With all these tailwinds, MYI is poised for a strong rebound in the near term, with its cheap price based on the steep NAV discount exceeding 10%. I have been actively picking up shares of some Muni funds in 2024. MYI is the most recent one added to my buy list because I see the rate cut as a real catalyst to propel the fund to close down the NAV discount. Therefore, it looks very promising in the remaining part of 2024. I plan to open the MYI position in my income portfolio and expect it to provide me a handsome total return in the next 12 months. MYI pays a tax-free dividend close to 6%, which would be translated to a higher taxable dividend. I believe that it is also a very good long-term holding based on the current yield level.
Risks & Caveats
MYI has ROC in its recent distributions, which is a bit high, as shown below. It is a source of concern from many investors. It may not indicate a structural issue (yet) for the fund, but it is certainly worth closer monitoring.
MYI distribution history from CEFConnect
The high leverage is always a risk factor in the current high interest rate environment. MYI’s leverage is higher than the CEF average. The interest rates will have a bigger impact on the fund. It is always possible that the Fed may not cut the rate, so the leverage cost could remain high enough to hit the fund performance.

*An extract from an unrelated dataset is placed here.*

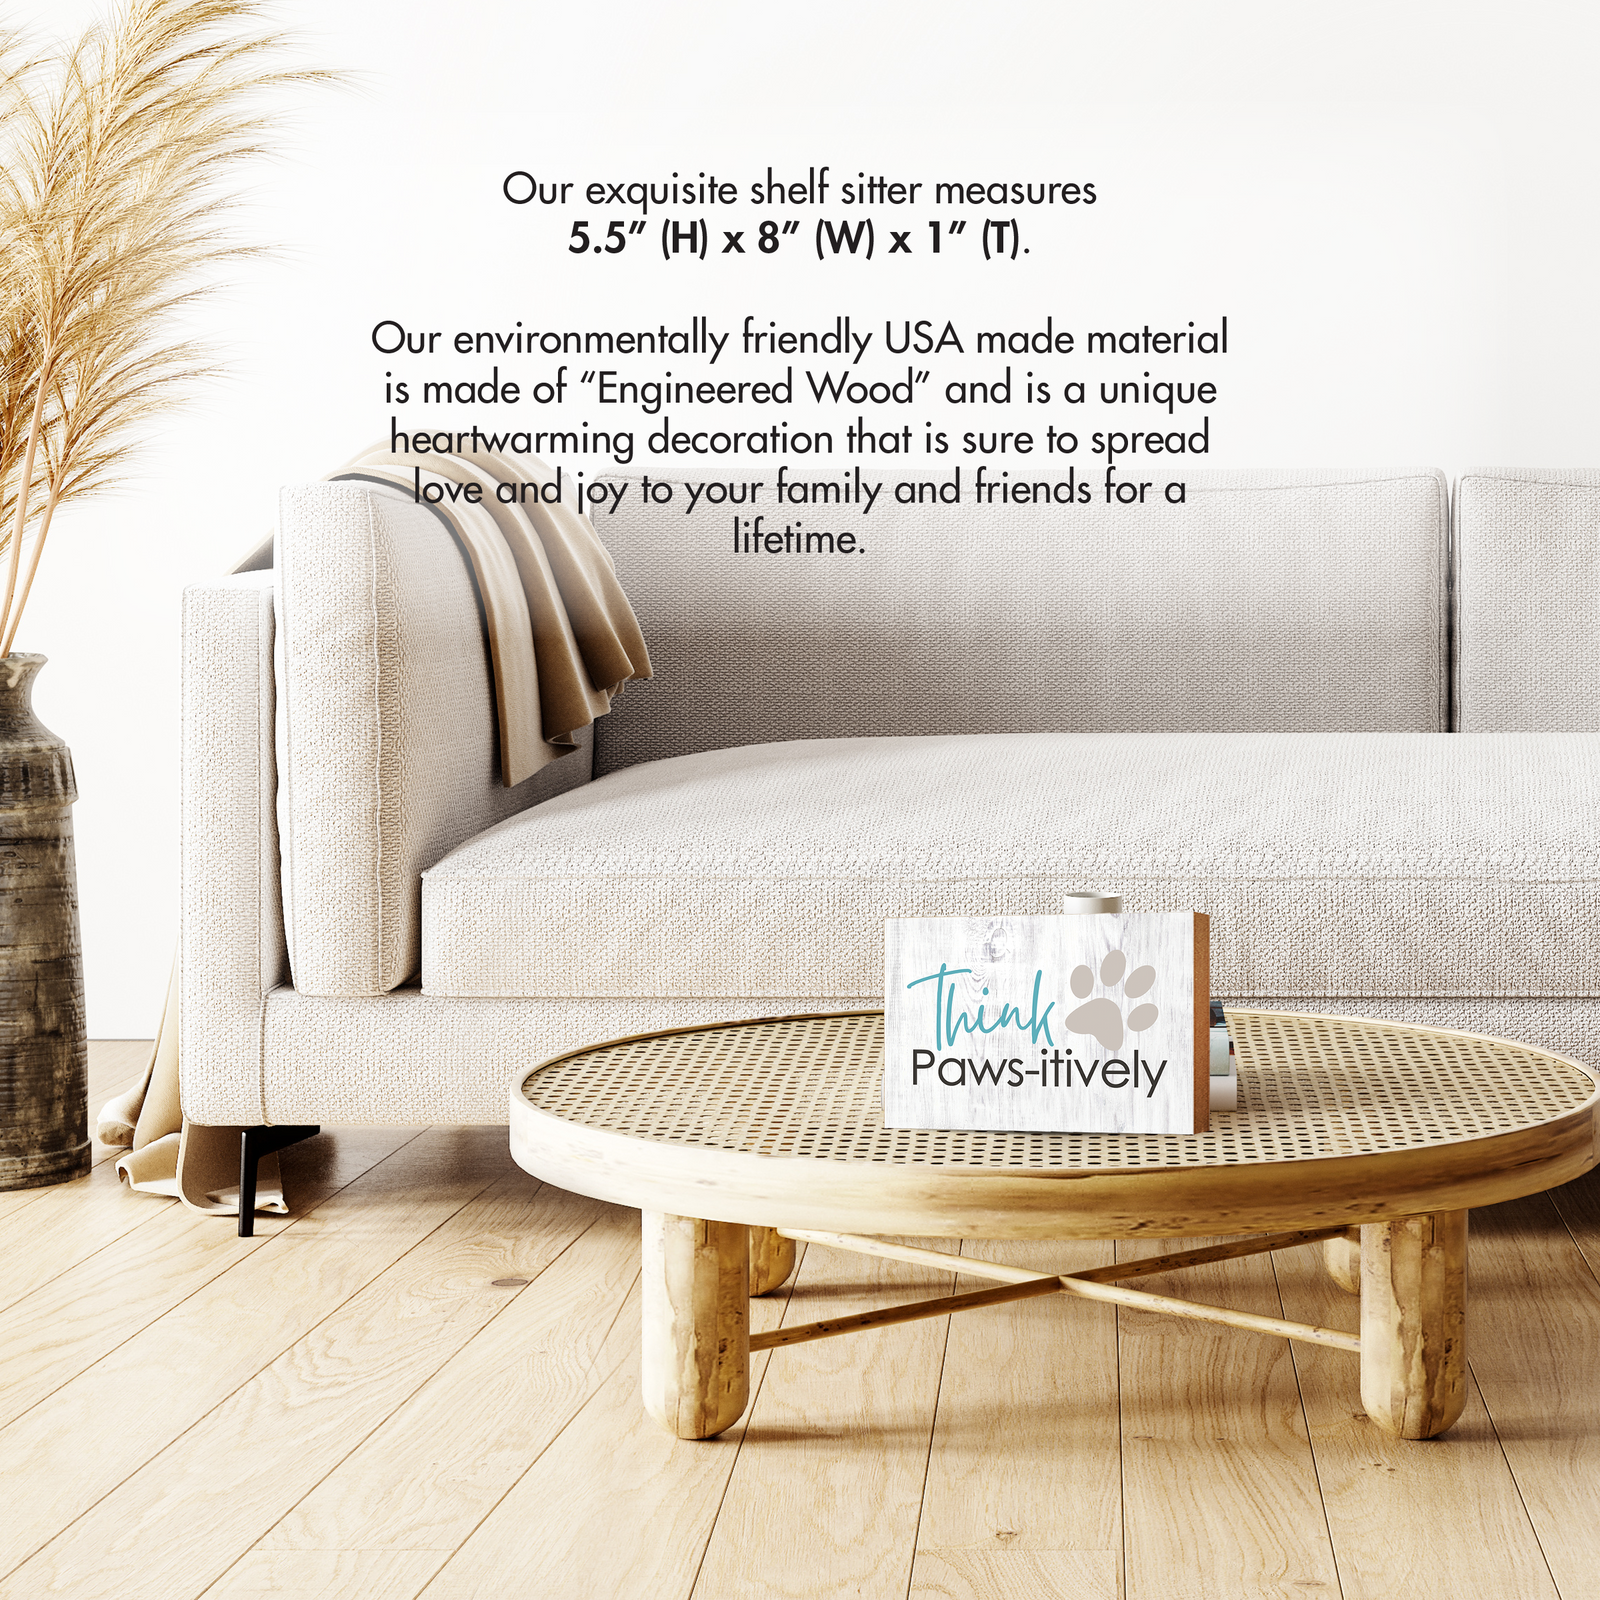 Wooden Shelf Decor and Tabletop Signs with Pet Verses - Pawsitively

The default rate is typically not a concern for the Muni due to high credit quality. However, if the economy turns south really badly, like hitting a serious recession, it would definitely hurt the bond market, including Muni bonds. This risk is rather remote based on the current state of the US economy.
Conclusion
The high leveraged Muni fund MYI offers a high yield 5.95% with tax exemption benefit and a current NAV discount at 10.2%. The current macro conditions remain highly favorable to high-yield and high-leverage Muni CEF funds. The seasonal strong summer is a powerful tailwind for the Muni funds to continue narrowing down the NAV discount gap and perform well. I highly recommend MYI to income investors who see the strength of municipal credit and look to capture the opportunities in the high-yield municipal market in 2024.